The other important bacterial isolate was Escherichia coli with an 8.3% share of the total isolates. The result was higher than the findings of Mekibib et al,13 4.6% in Holeta district and lesser than the outcome of Mekonnin et al,4 14.29% in and around Wolaita Sodo town. However, the current outcome was far higher than the previous findings of Sori et al,43 in the Sebeta district (0.75%). The main precipitating factor for the higher occurrence of environmental mastitis is teat canal infection by different pathogens that are associated with poor husbandry management in dairy farms.18
In the present study, 12.5% of CNS bacteria species were isolated from mastitic cow milk. This was comparable with the earlier report of Dabele et al7 who reported a 7.9% prevalence of CNS from mastitic zebu cow milk.
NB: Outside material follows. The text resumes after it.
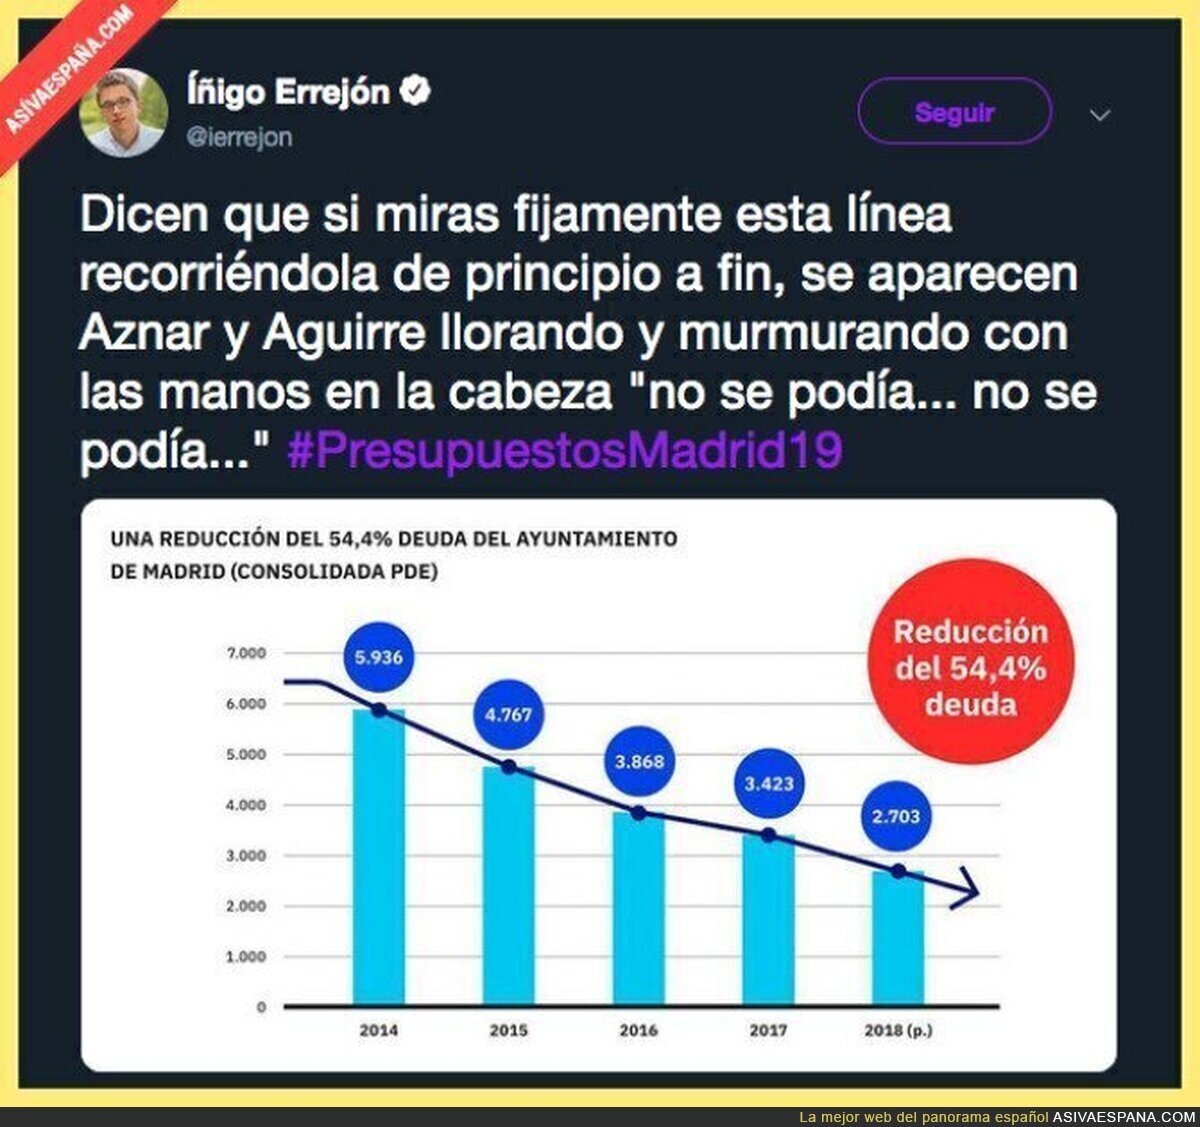 Los comunistas de Podemos al final saben como administrar el dinero público

However, the isolation rate of CNS was much lower than the finding of Zeryehun and Abera,9 who reported a 34.2% from cross-breeds of Holstein-Zebu and local Zebu cows. Few studies have proven CNS isolation from mastitis milk in Zebu cows in Ethiopia. This variation in the frequency of CNS observed from mastitic milk might be attributable to differences in dairy cow breeds, management practices, and laboratory analytical methodologies used in different nations.
Conclusion
This research revealed a significant prevalence of mastitis (73.7%) at the cow and quarter level both in clinical and subclinical mastitis forms in studied farms of Modjo district. Staphylococcus species (45.14%) such as Staphylococcus aureus, Staphylococcus intermidus, Staphylococcus hyicus, Streptococcus species (24.3%), and Escherichia coli (8.3%) were isolated from the raw milk samples and the existence of such a high prevalence of bacterial pathogens was associated with age, breed, body condition score, herd size, milking mastitic cow at the end, and previous mastitis history. Thus, awareness creation for farm owners about regular testing for subclinical mastitis, pre- and post-milking udder washing, and proper sanitation of bedding should be applied to dairy farms to overcome the problem in the study area. In addition, there should be a regular pattern of diagnosis of mastitis in order to minimize the disease prevalence and cull chronically infected animals. In addition, effective prevention strategies should be established, and identifying the most pathogenic species would ensure future research.
Funding Statement
This research was not funded by any organization or institution.
Abbreviation
SCM, Subclinical Mastitis; CNS, Coagulase-negative Staphylococcus; CM, clinical mastitis.
Data Sharing Statement
The analyzed data during this study will be provided on request from the corresponding author.
Ethics Clearance
The best practice guidelines for veterinary care were followed and those cattle owners were informed as to the purpose of the study, and that the Wolaita Sodo University of Research Ethics and Review Committee approved the protocol of the study with the reference number WSU 41/22/2241 and the verbally informed consent process in the manuscript.
Author Contributions
All authors made a significant contribution to the work reported, whether that is in the conception, study design, execution, acquisition of data, analysis and interpretation, or in all these areas; took part in drafting, revising or critically reviewing the article; gave final approval of the version to be published; have agreed on the journal to which the article has been submitted; and agree to be accountable for all aspects of the work.
Disclosure
The authors report no conflicts of interest in this work.